Look for the line with "Disney Minnie Mouse" in the data below, then reproduce word for word that line and every line after it. Leave out all pictures and add nothing.

**Recorded information**
>>
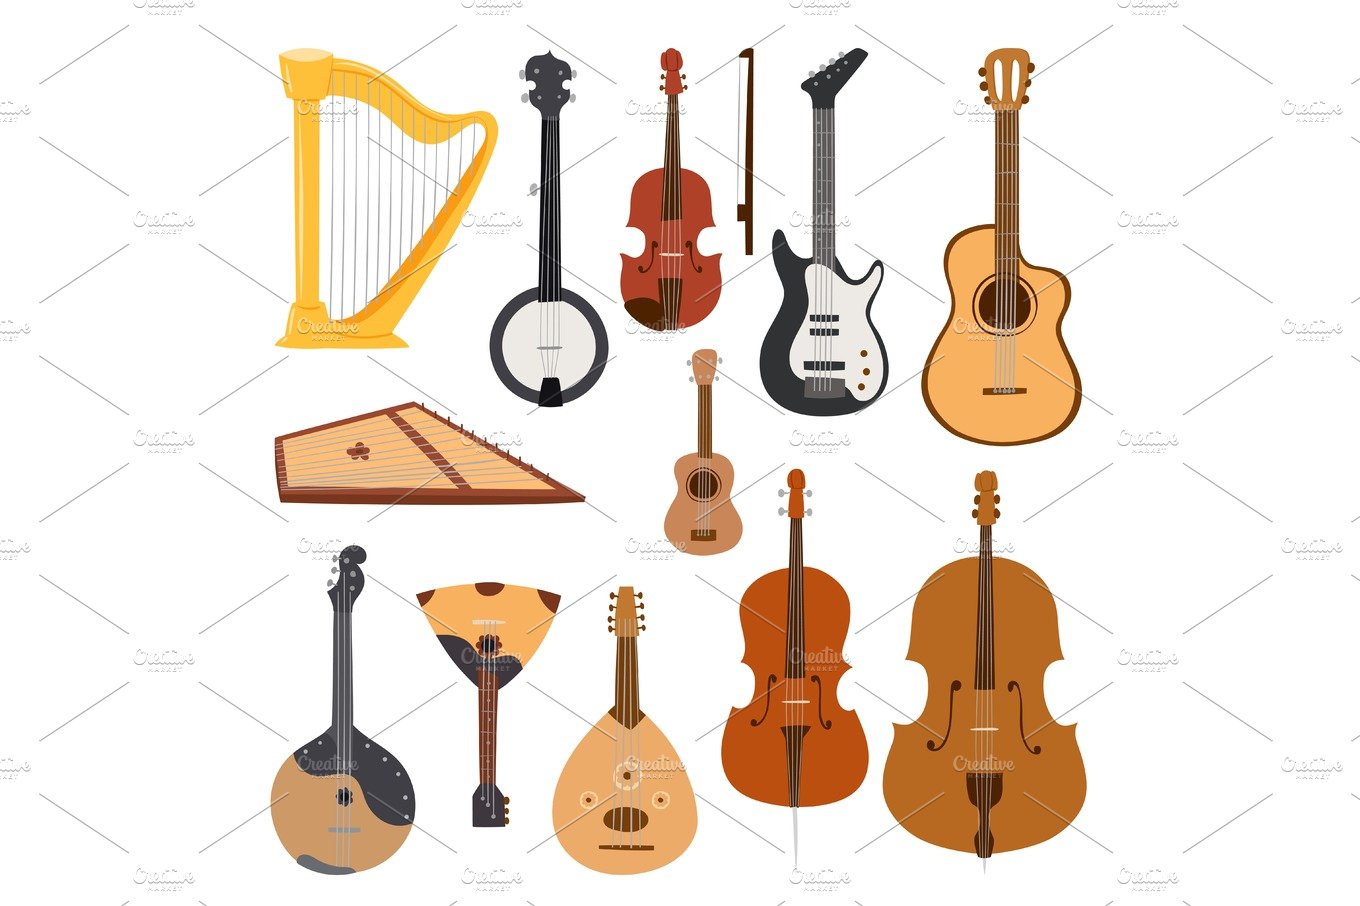 Stringed musical instruments classical orchestra tool equipment vector illu... cover image.
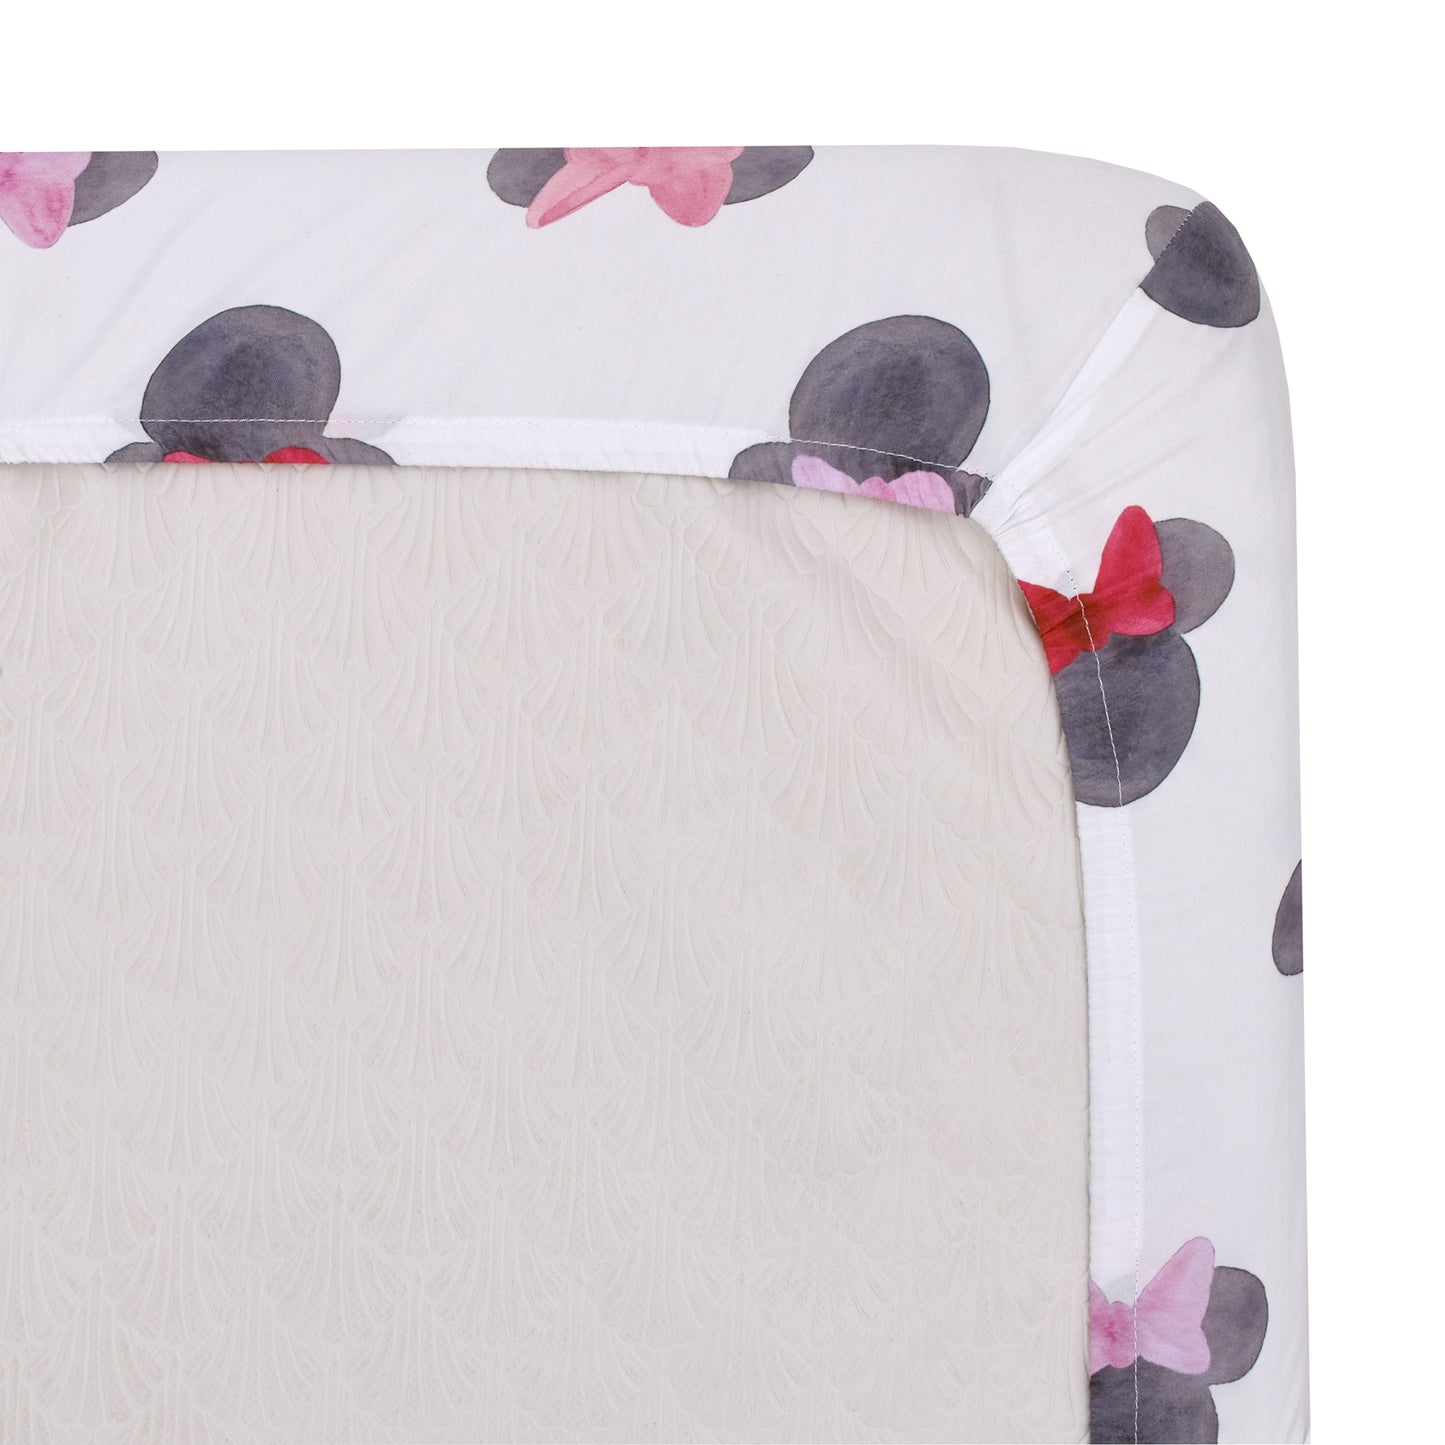 Disney Minnie Mouse - Black, Red and Pink Watercolor Minnie Ears Nursery Fitted Crib Sheet
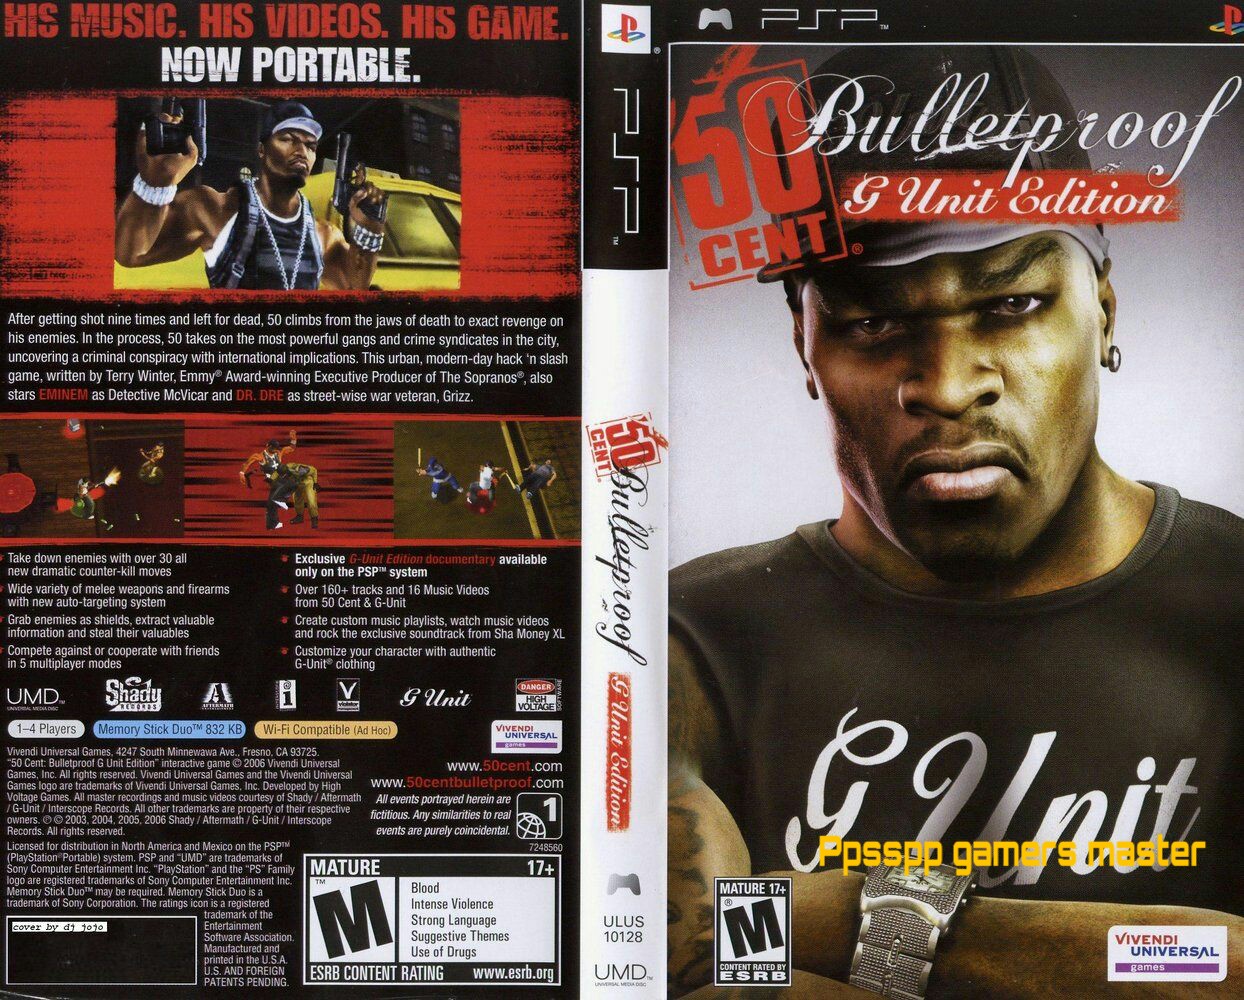 50 cent bulletproof g-unit edition for ppsspp | Ppsspp gamers master
<<
**Exercise output**
 Disney Minnie Mouse - Black, Red and Pink Watercolor Minnie Ears Nursery Fitted Crib Sheet
 50 cent bulletproof g-unit edition for ppsspp | Ppsspp gamers master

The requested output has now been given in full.